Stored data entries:
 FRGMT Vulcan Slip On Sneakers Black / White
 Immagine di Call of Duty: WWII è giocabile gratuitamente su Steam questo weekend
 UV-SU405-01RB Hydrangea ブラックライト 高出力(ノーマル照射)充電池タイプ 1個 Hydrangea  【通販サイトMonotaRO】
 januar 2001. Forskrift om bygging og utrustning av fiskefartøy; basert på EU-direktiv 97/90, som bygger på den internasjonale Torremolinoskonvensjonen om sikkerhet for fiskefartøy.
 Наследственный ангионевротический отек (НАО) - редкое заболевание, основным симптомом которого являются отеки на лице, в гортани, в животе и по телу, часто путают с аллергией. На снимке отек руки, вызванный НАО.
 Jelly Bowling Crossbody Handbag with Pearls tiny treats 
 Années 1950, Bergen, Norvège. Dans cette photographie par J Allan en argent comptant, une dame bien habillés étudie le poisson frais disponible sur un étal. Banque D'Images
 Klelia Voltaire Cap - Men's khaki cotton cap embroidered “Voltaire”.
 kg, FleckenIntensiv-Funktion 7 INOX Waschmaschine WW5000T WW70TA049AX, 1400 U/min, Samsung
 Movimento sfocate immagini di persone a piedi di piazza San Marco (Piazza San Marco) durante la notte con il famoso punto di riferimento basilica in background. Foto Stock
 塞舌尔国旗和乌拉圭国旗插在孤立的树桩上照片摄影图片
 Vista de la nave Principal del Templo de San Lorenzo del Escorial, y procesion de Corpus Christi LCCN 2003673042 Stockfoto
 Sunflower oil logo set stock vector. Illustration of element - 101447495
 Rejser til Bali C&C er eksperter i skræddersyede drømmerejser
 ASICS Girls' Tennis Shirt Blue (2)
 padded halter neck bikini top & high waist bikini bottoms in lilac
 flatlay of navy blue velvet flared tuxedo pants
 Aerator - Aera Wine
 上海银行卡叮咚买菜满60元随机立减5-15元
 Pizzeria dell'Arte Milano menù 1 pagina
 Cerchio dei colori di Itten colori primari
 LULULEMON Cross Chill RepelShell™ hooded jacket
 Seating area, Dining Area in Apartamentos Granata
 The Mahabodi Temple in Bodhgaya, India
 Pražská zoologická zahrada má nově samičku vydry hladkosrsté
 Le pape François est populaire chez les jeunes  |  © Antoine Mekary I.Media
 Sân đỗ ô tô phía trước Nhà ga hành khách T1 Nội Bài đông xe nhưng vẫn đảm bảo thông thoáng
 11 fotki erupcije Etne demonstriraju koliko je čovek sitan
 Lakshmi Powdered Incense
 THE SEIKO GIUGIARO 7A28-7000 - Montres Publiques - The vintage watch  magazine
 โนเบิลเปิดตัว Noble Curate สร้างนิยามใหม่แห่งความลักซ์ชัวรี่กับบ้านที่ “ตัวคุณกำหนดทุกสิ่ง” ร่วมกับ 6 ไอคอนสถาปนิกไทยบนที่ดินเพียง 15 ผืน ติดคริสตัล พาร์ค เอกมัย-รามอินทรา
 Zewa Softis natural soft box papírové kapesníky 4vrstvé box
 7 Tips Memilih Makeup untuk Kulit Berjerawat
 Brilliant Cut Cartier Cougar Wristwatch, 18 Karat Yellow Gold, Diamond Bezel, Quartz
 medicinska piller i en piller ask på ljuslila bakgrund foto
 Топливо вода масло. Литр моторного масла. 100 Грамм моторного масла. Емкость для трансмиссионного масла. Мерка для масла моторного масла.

:: Task ::
Restate exactly the records above from their first line through the line that holds "UV-SU405-01RB Hydrangea ブラックライト", please, including both and leaving out all others.

:: Expected answer ::
 FRGMT Vulcan Slip On Sneakers Black / White
 Immagine di Call of Duty: WWII è giocabile gratuitamente su Steam questo weekend
 UV-SU405-01RB Hydrangea ブラックライト 高出力(ノーマル照射)充電池タイプ 1個 Hydrangea  【通販サイトMonotaRO】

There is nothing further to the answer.